RNA was extracted from testes, podia, spines and stomach/mouth tissues from the same individuals from which GBR and OKI genomic DNA was obtained; RNA from the other tissues was isolated from different OKI and GBR individuals (Supplementary Note 2). Tissue-specific RNA-seq libraries were generated and sequenced on an Illumina HiSeq 2500 using standard methods26. De novo transcriptomes were assembled using Trinity version r20131110 (ref. 32). Genome-guided RNA transcripts were generated using Tuxedo33 (Supplementary Note 2).
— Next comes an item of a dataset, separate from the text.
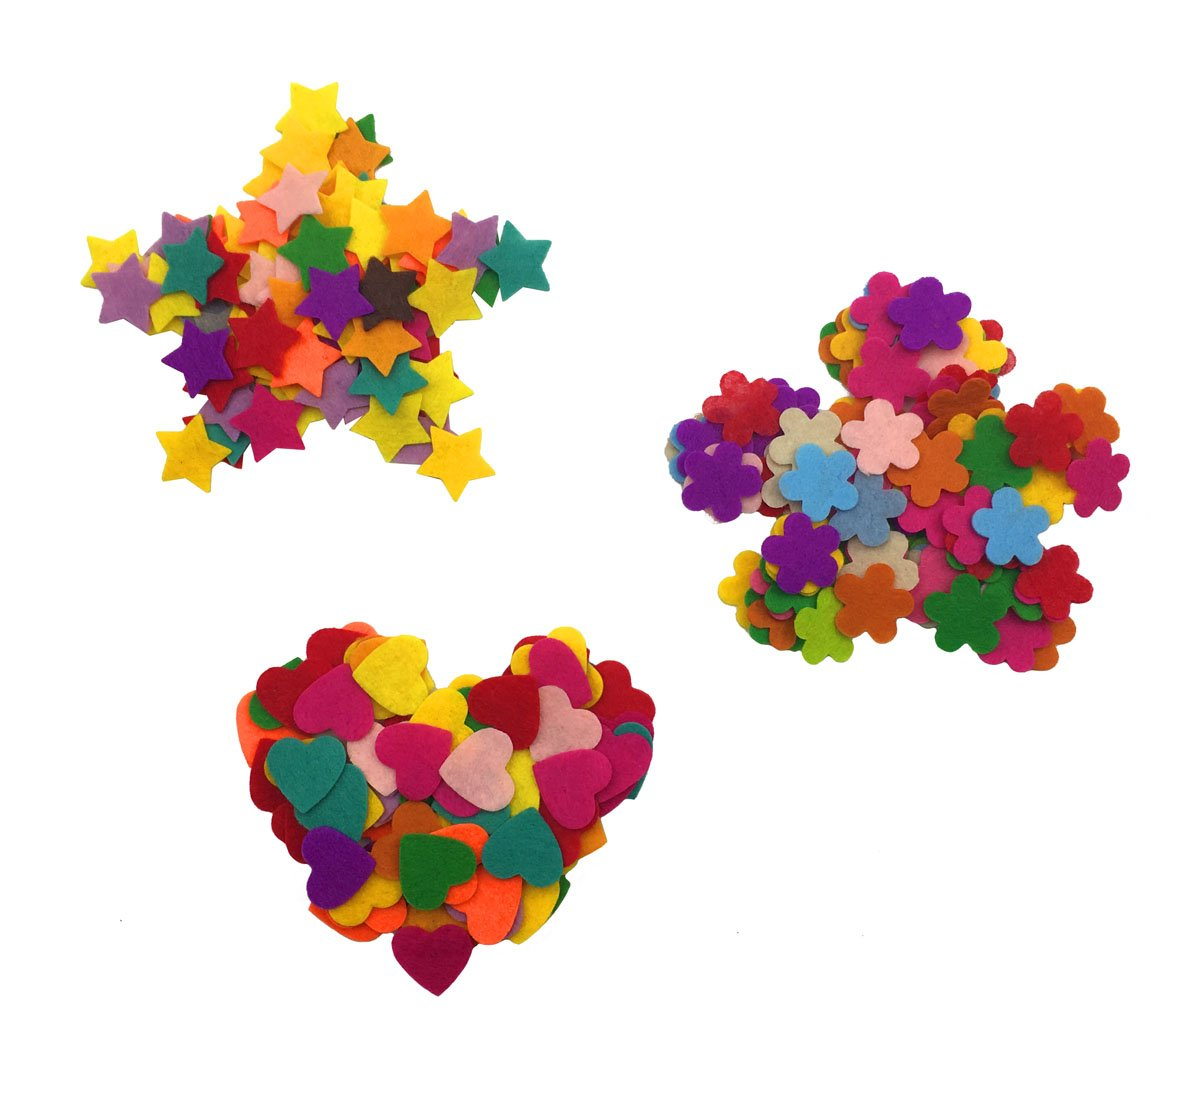 Hyamass Approx 300pcs Multi Color Mini Felt Flower Heart Star Embellishments DIY Craft Decoration
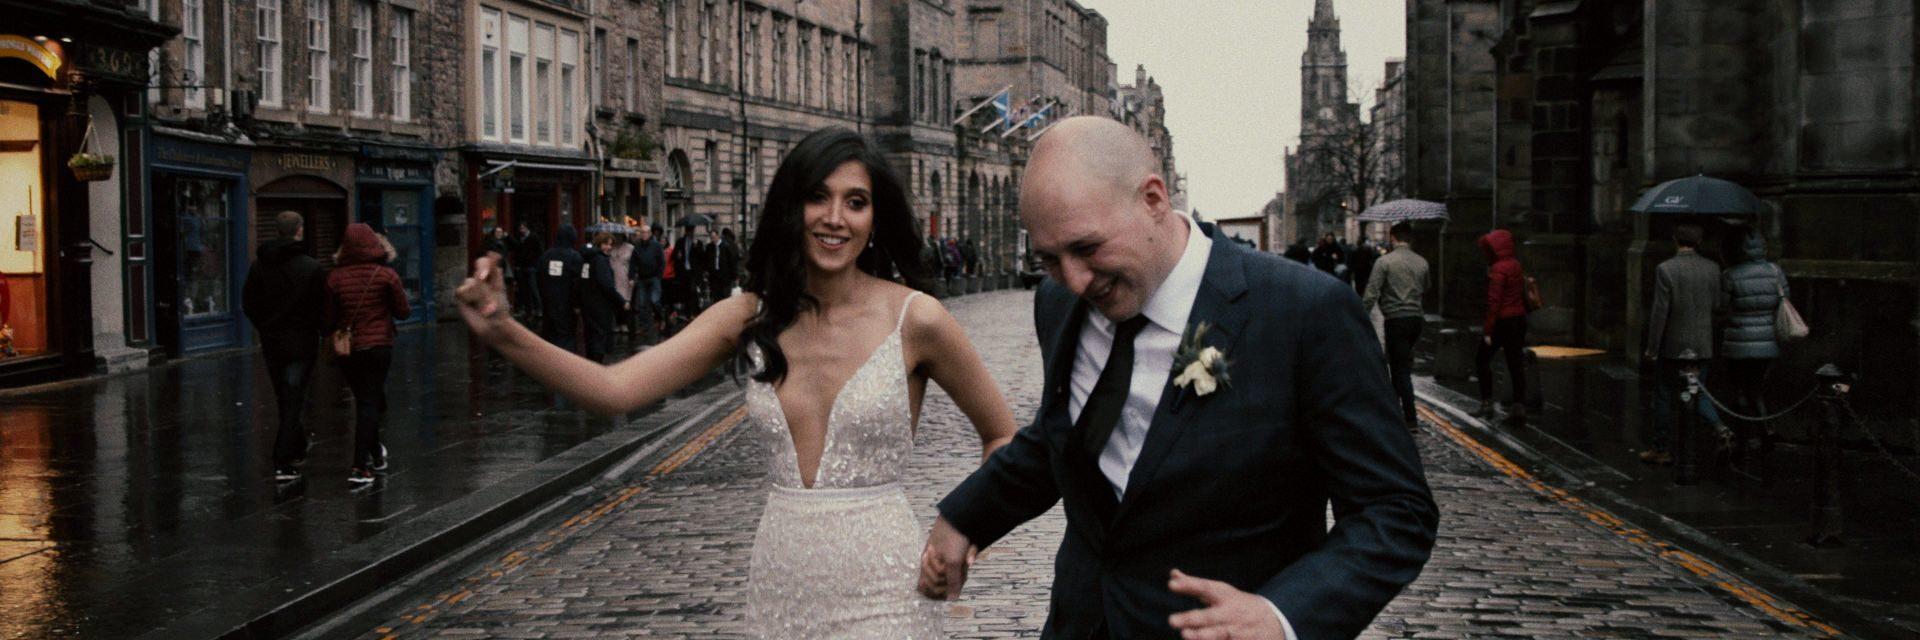 Copenhagen-wedding-videographer-cinemate-films-04

Gene modelling and annotation

Both GBR and OKI genomes were masked using RepeatMasker version 4.0.3 (parameters: -qq -pa 8 -gff -species ‘fungi/metazoa group’ -no_is). Assembled transcripts were then mapped back to either the GBR or the OKI masked genome and used to generate a consensus transcript set via PASA (version 20140417). Only transcripts with over 90% transcript coverage (parameter: min_percent_aligned) and 95% identity (parameter: min_avg_per_id) were merged. Open reading frames (ORFs) predicted from PASA-assembled transcripts using TransDecoder (https://sourceforge.net/p/transdecoder/) were used to train Augustus to generate gene predictions for each genome (Supplementary Note 2). Additionally, all core eukaryotic genes were mapped to each genome using CEGMA (version 2.4). CEGMA predictions were used to train SNAP (version 2013-11-29). Unsupervised genes were also predicted using GeneMarkES (version 20120203).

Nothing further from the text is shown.